### Provided data
+===+

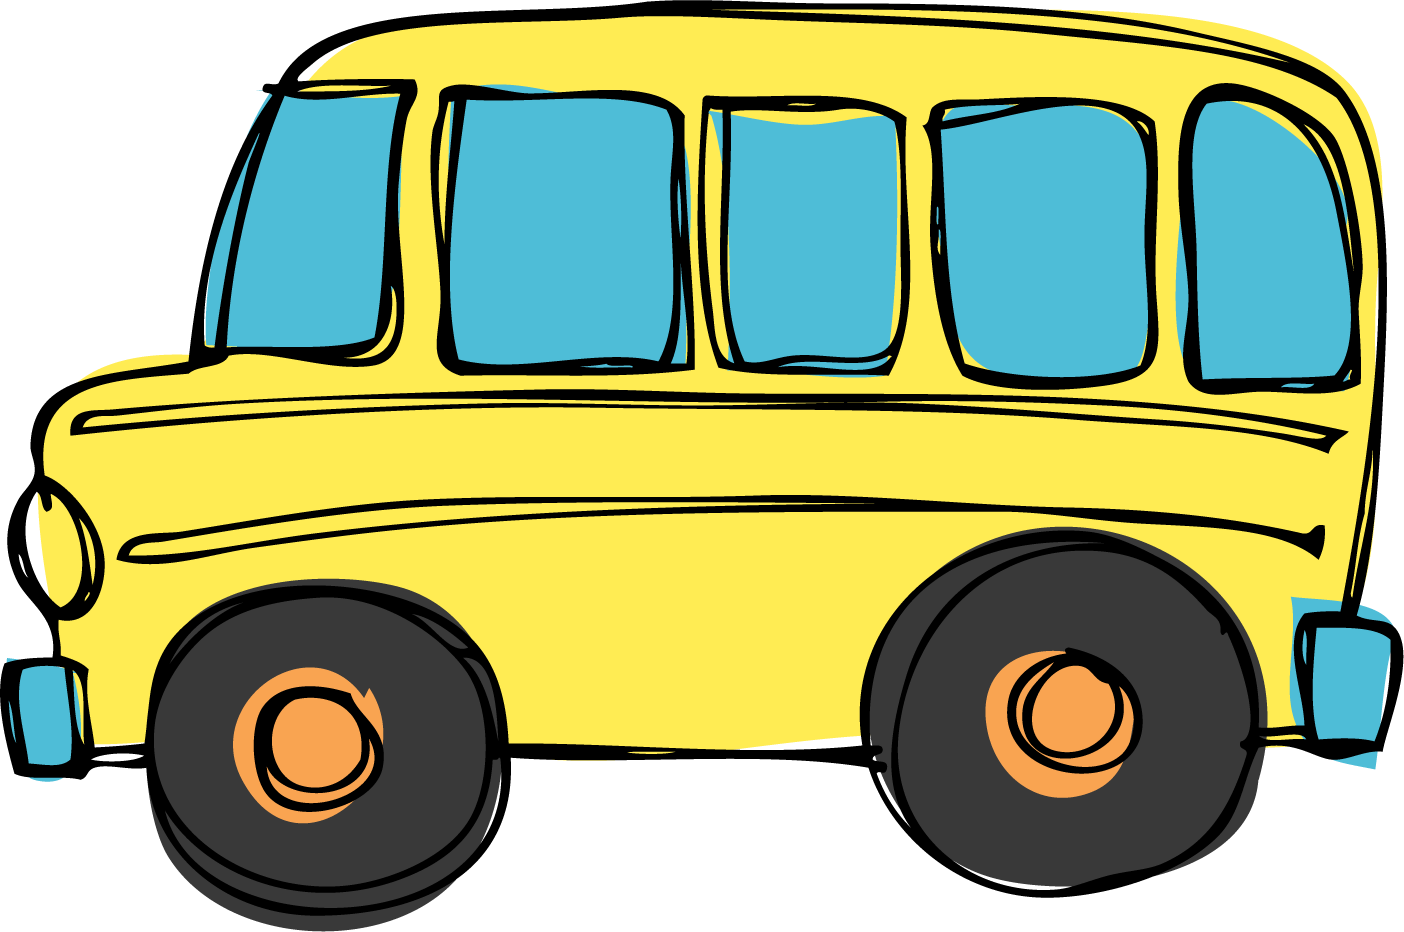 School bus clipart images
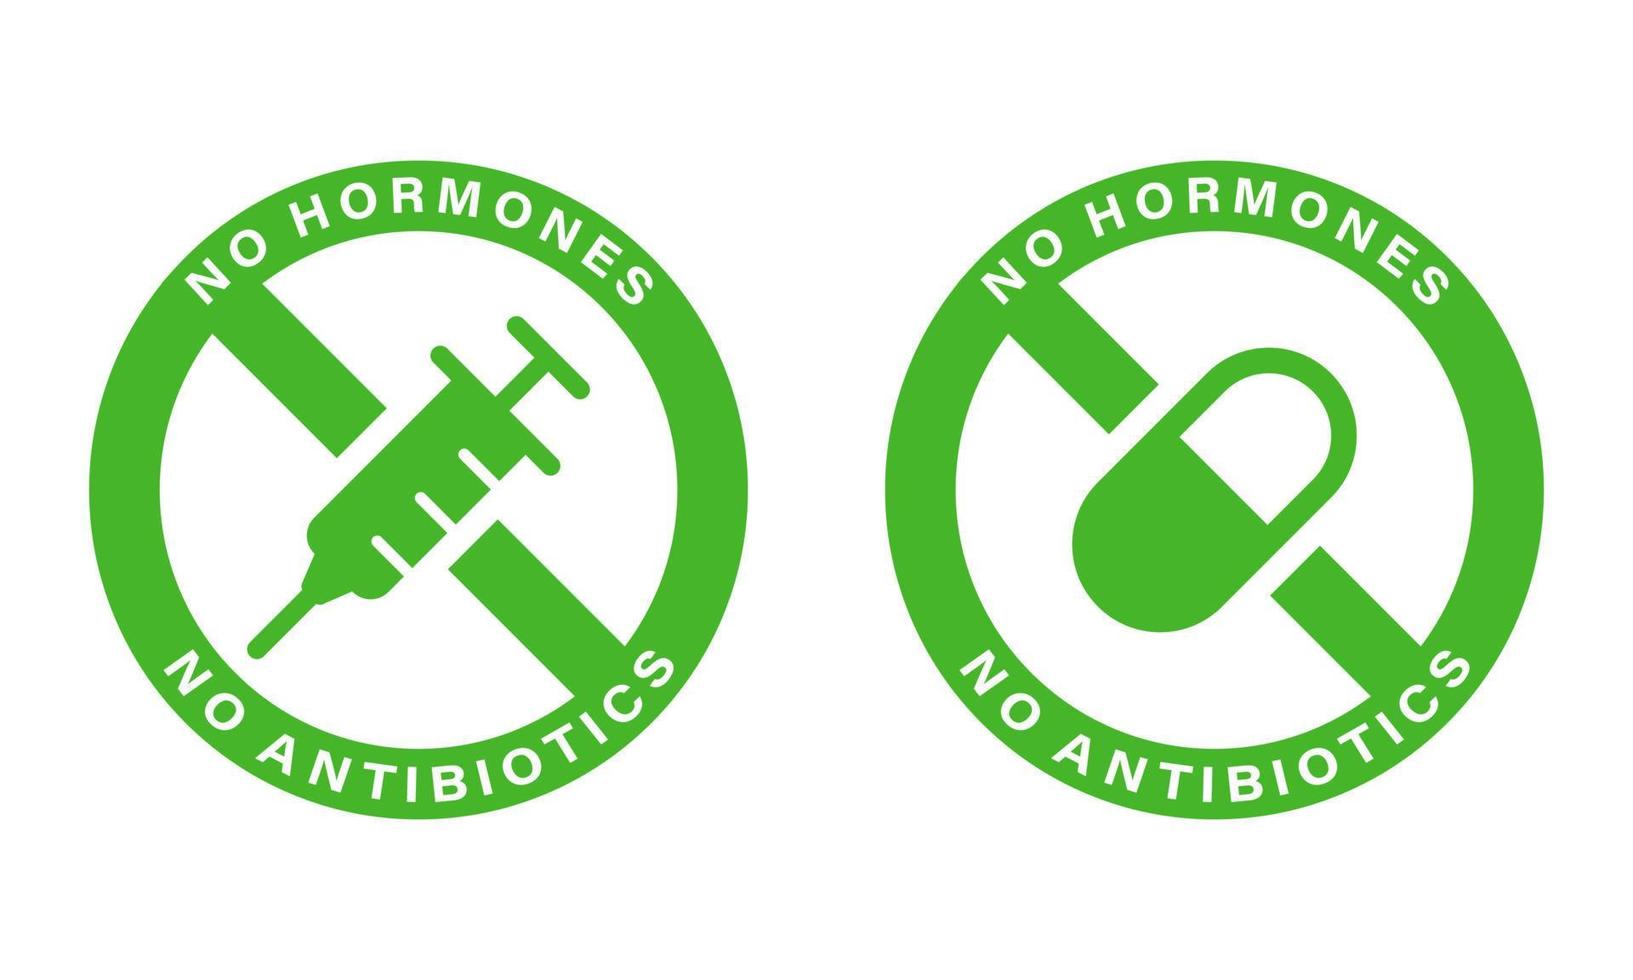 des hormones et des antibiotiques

+===+

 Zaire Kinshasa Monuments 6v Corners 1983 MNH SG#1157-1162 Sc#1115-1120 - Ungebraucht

+===+

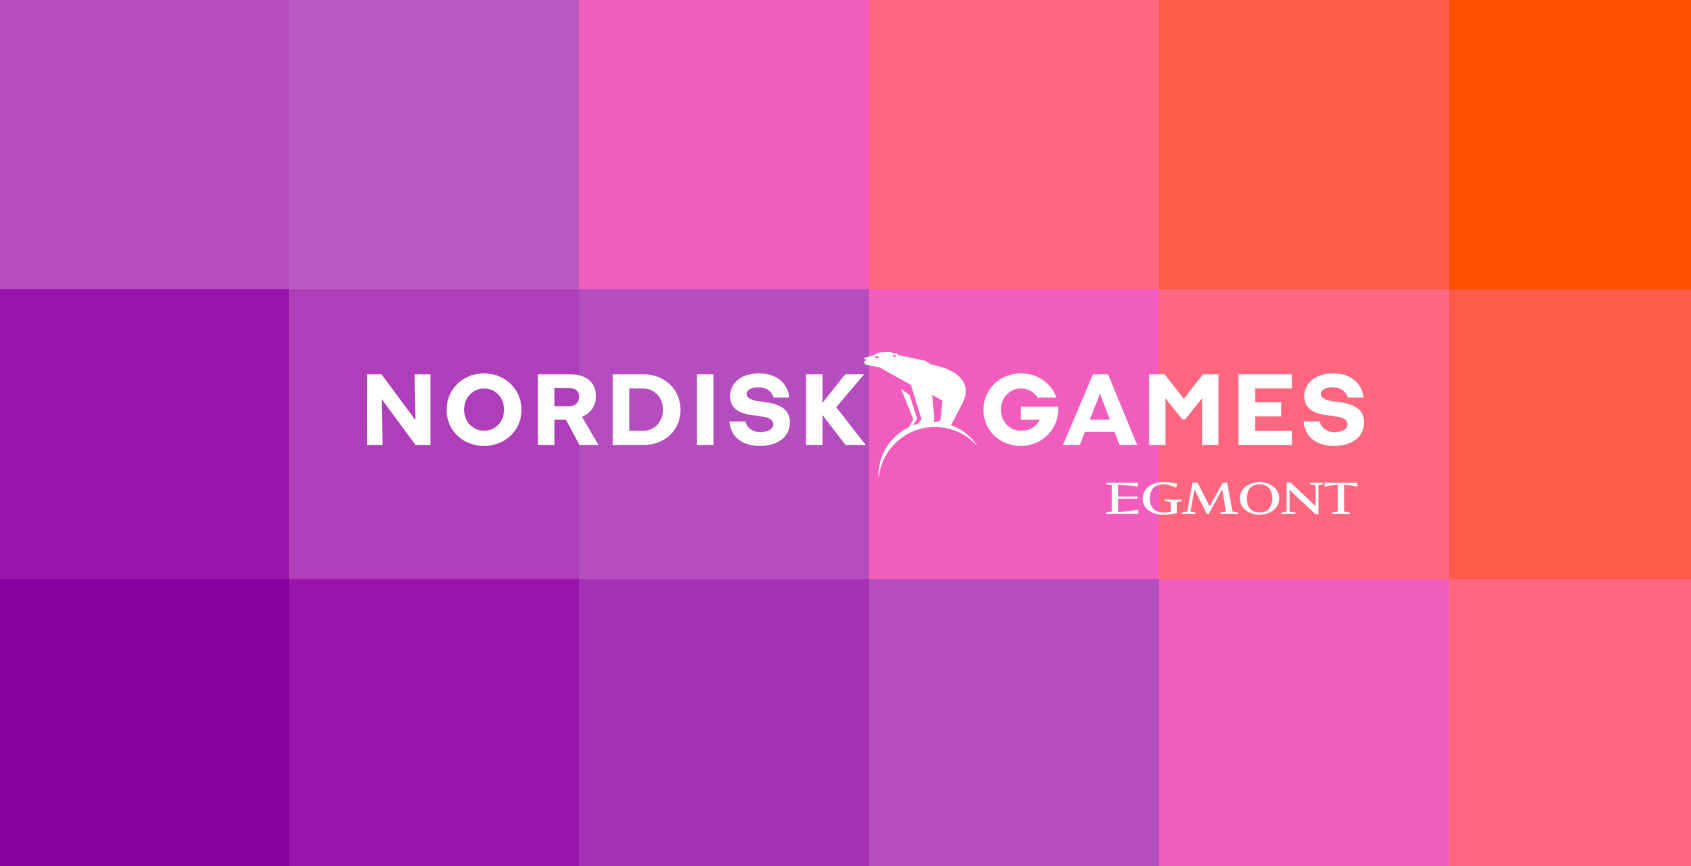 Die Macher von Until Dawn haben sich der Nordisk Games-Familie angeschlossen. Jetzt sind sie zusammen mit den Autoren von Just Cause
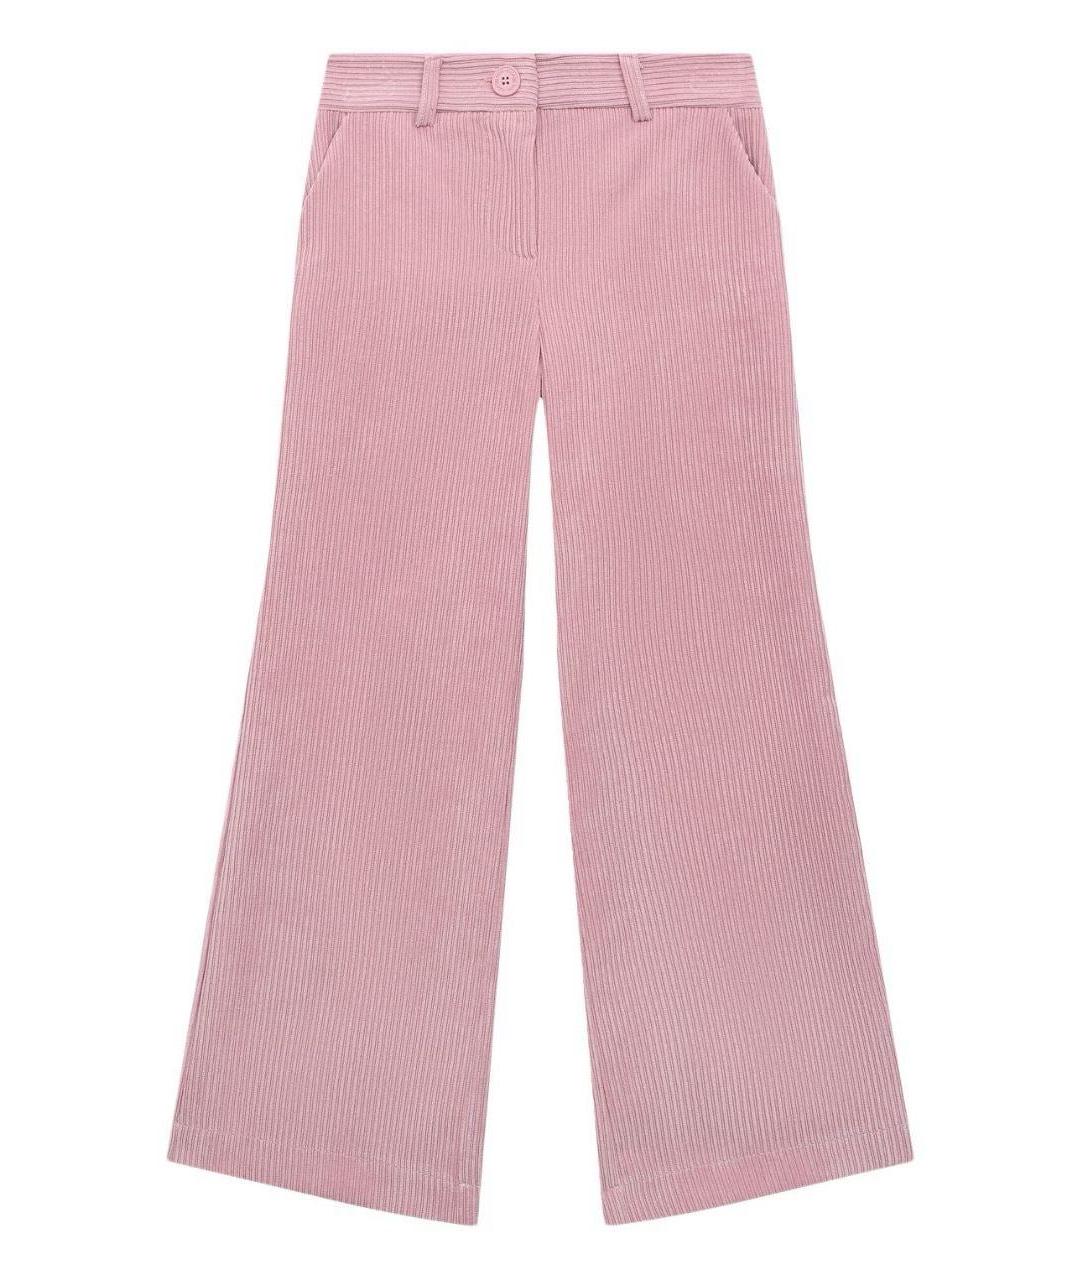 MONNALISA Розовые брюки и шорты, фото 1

+===+

### Your objective
What lines above run from the one with "Die Macher von" to the one with "MONNALISA Розовые брюки и шорты, фото 1"? Give them again exactly, ends included, and leave the pictures out.

### Answer section
 Die Macher von Until Dawn haben sich der Nordisk Games-Familie angeschlossen. Jetzt sind sie zusammen mit den Autoren von Just Cause
 MONNALISA Розовые брюки и шорты, фото 1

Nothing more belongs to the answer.